Рильке звал Марину в глубину своего молчания. Глубина родства сказывалась в том, что он чувствовал свою высоту их общей, единой высотой и звал ее – туда, на вершину общего Духа. Дали встречаются с далями. Простор – с простором. Дух – с духом. И никакая
земная встреча не заменит этой.Чтобы встретиться с Рильке, надо было дорасти до далей за своим окном. Надо было обнять и вместить эти дали.
Рильке умер. «Но эти веянья… Но эти дали…» Они остались. Остаются весь «одиноко прочерченный путь через бессонный простор». И теперь – идти
… расти… Как? Куда? Перед сердцем – бездна:Так начинает Рильке свою «Импровизацию на тему каприйской зимы». Перед ним дикая красота гор. Он совершенно один среди этой торжественной красоты. И она встает не только перед сердцем; это духовная реальность. То, что говорит со всем целостным существом, – это Бог. Встреча с Ним происходит только с глазу на глаз – наедине. «Каждый восполниться должен сам…»
Бог встает перед сердцем в полном молчании и ждет. Чего?
Рильке пытается понять это на протяжении всей двухчастной поэмы. Это поэма об овнутрении мира, о соединении со своим великим («законным) «Я».
Сперва это великое и безграничное, подступая к малому, ограниченному, сбивает его с ног, опрокидывает. Начинаются какие-то «водопады в крови». Человек почти теряет сознание, летит в бездну и чувствует этот полет как смерть. Он закрывает глаза, становится совершенно неподвижным, ожидая, пока улягутся эти «водопады в крови». Кажется, больше ничего и невозможно. Это – экстаз. Потеря слуха, потеря зрения. Ничего не нужно. Все внутри.

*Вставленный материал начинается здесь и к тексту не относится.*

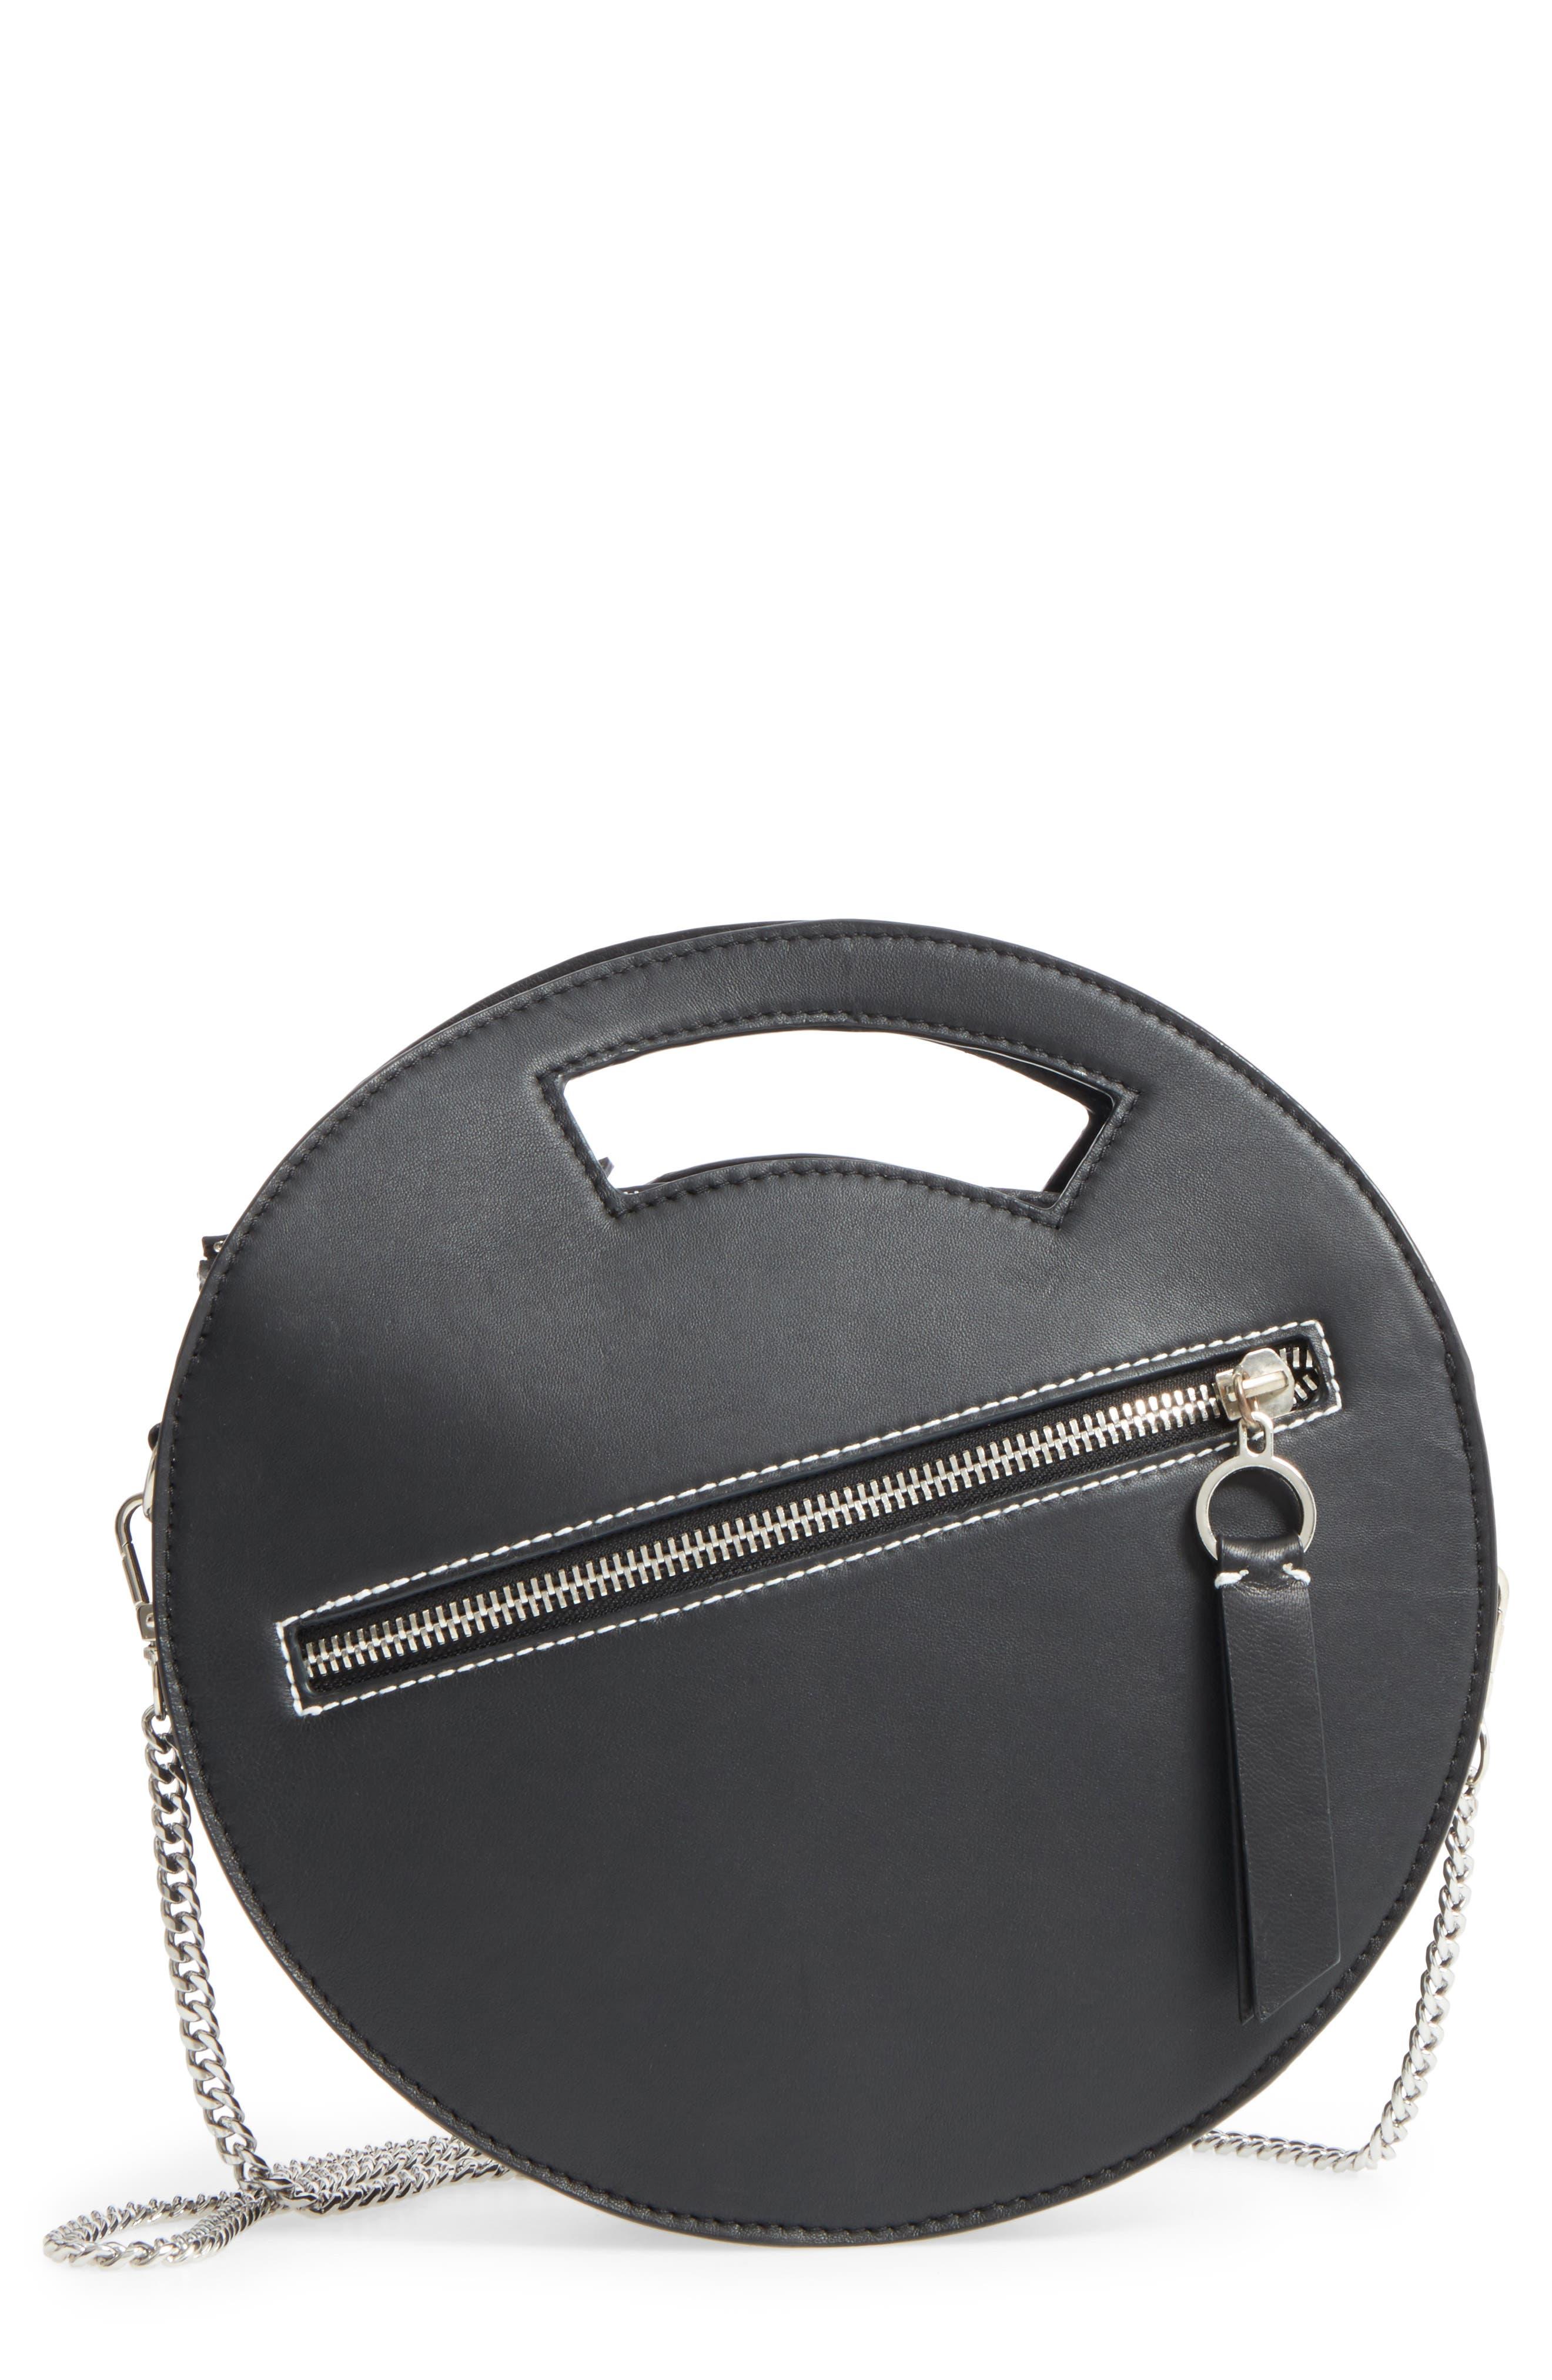 Premium Leather Circle Crossbody Bag,                         Main,                         color, Black
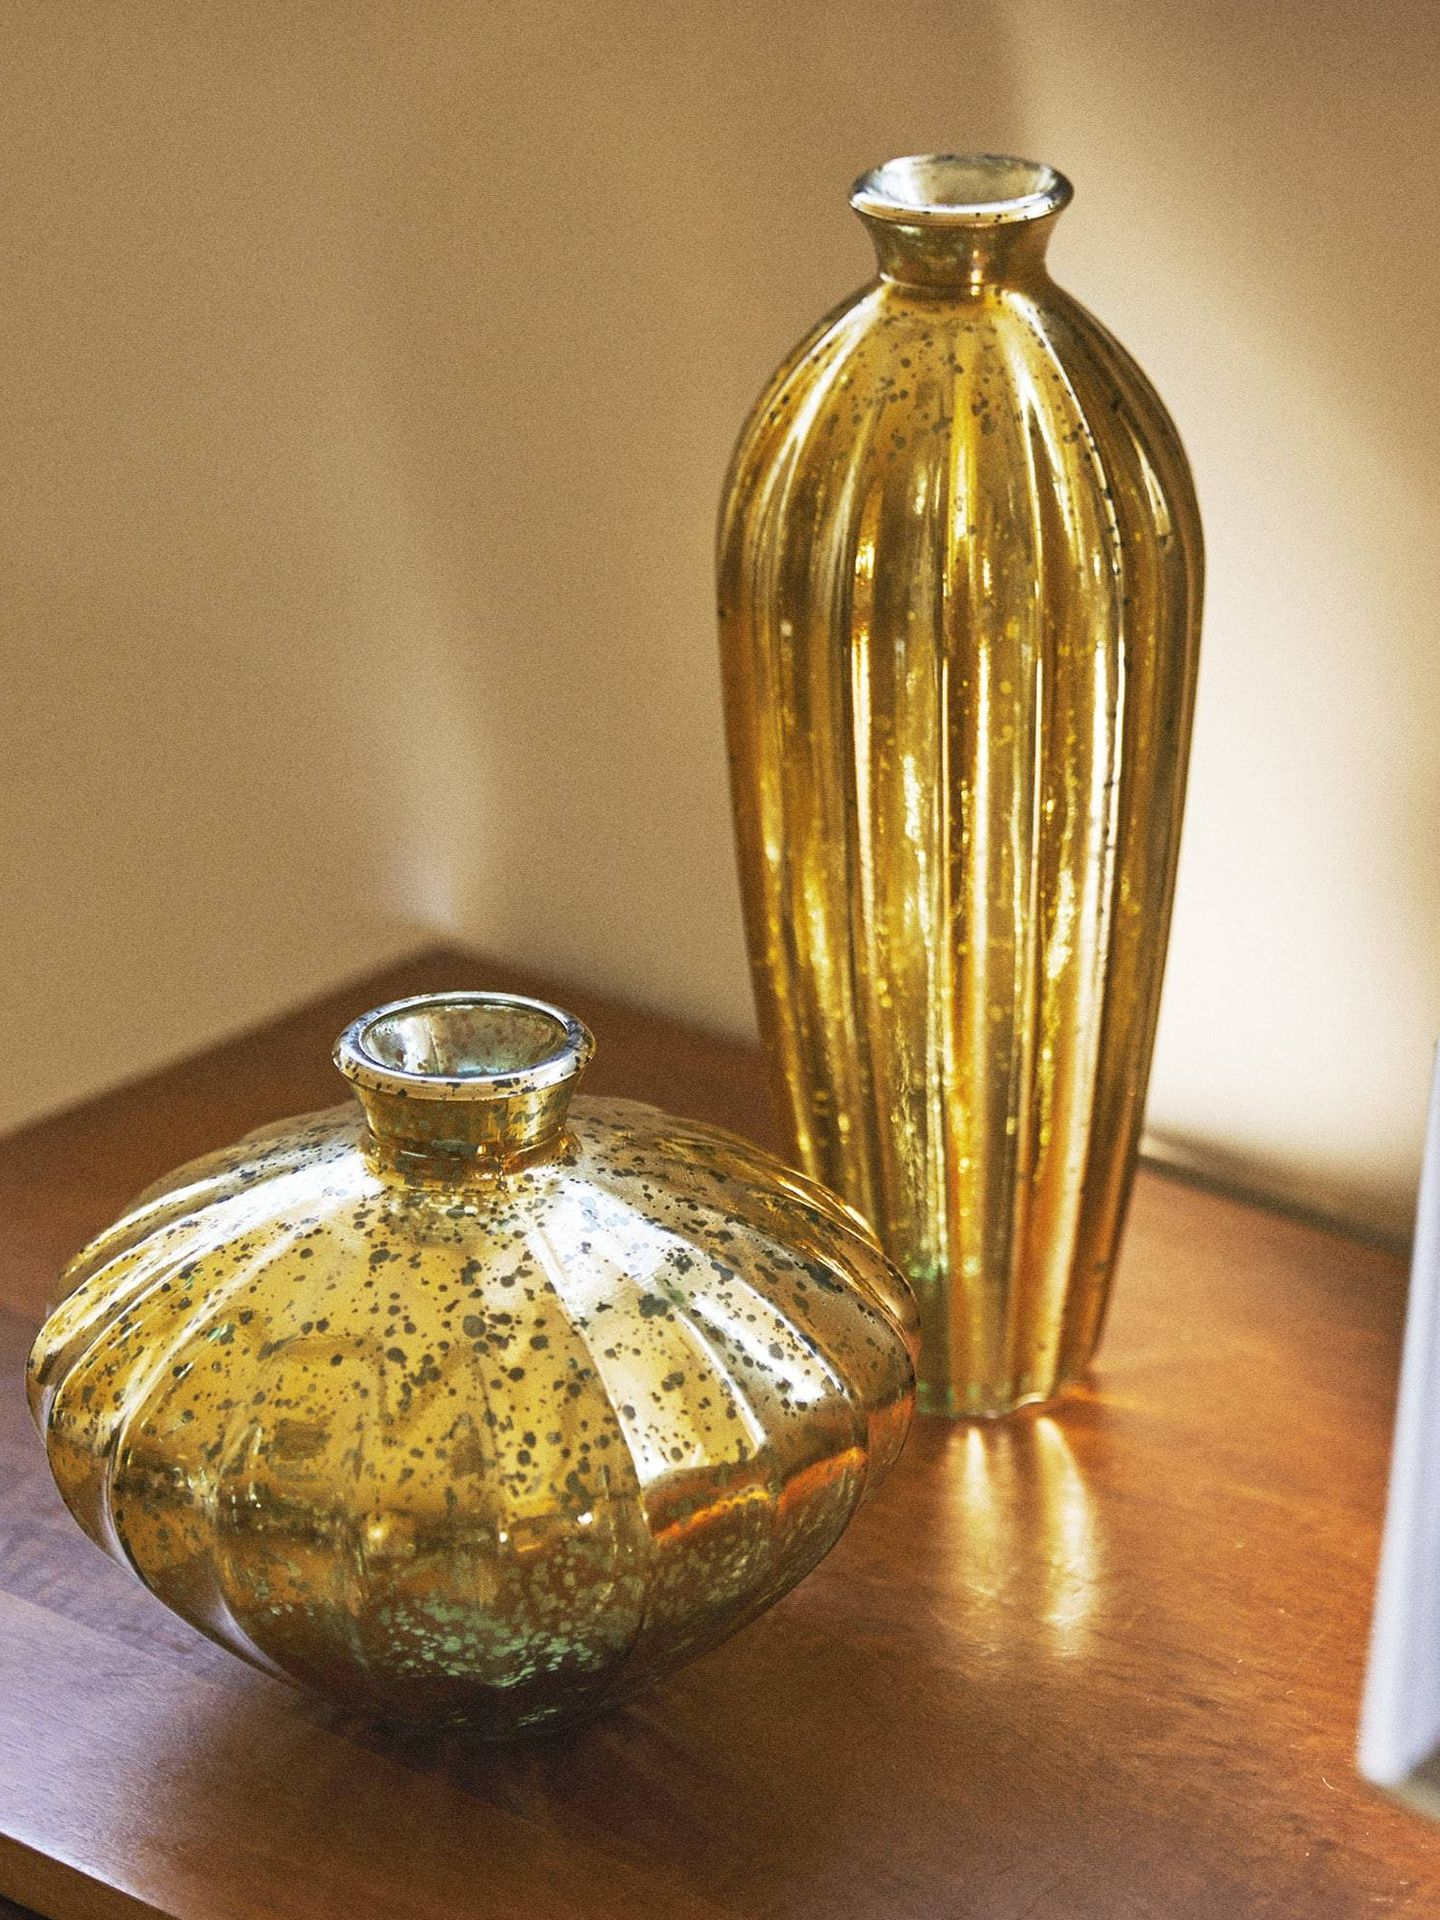 Zara Home te invita a decorar con vidrio mercurizado. (Cortesía)

«Дух: не дышу уж», – скажет Цветаева о чем-то подобном. Она погружается в это все глубже, дальше – и не хочет выныривать оттуда. «Пространством всосанный шпиль роняет храм – дням». «Тело? Мне нету дела…»
У Рильке все иначе. Миг экстаза, миг, в который эпилептик Магомет мог обозреть все чертоги Аллаховы – великий миг. Но это еще только миг
Вечности. Вечность лишь приоткрывает свое царство, еще не впускает туда. Это как в стихотворении Пастернака «гроза, моментальная навек». Довольно, чтобы узнать: Вечность есть! Но не довольно, чтобы жить в Вечности, чтобы быть вечным.Молния, разрезающая внешнюю тьму, приоткрывает внутренний смысл. Но это лишь вход во внутреннее пространство. Надо еще войти – и не пропасть в нем. Надо обжить это внутреннее пространство. Надо жить с Вечностью.
Человек летел в бездну. Он уже не дышал. Но у Рильке снова появляется дыхание и остановившееся сердце «стучит… стучит опять». Человек пережил собственную смерть и вернулся в жизнь.
Рильке очень любит образ размыкающегося и смыкающегося существа. Цветок анемона «в напряженном действе восприятья» раскрывается так, как человек, может быть, не сумеет, даже прожив сто лет. А к вечеру – смыкает свои лепестки, вобрав внутрь «многозвонный свет». Женщина размыкает свое лоно, чтобы родить. Но если она не сомкнется снова, она погибнет. Точно так же и рождающее сердце. Само рождение – это экстаз размыкания, потеря границ. Но сердце должно жить. Размыкание и смыкание есть ритм жизни, есть работа мира.
Мы – не сами по себе, мы что-то вмещаем и несем. Мы – вестники, несущие будущее. В нас – семя жизни.
Мы должны. Кому? Тому, кто «встает перед сердцем моим»… Ему что-то надо от нас: надо взрастить Его семя. Зачать, выносить, родить и взрастить… Вот для чего мы в мире.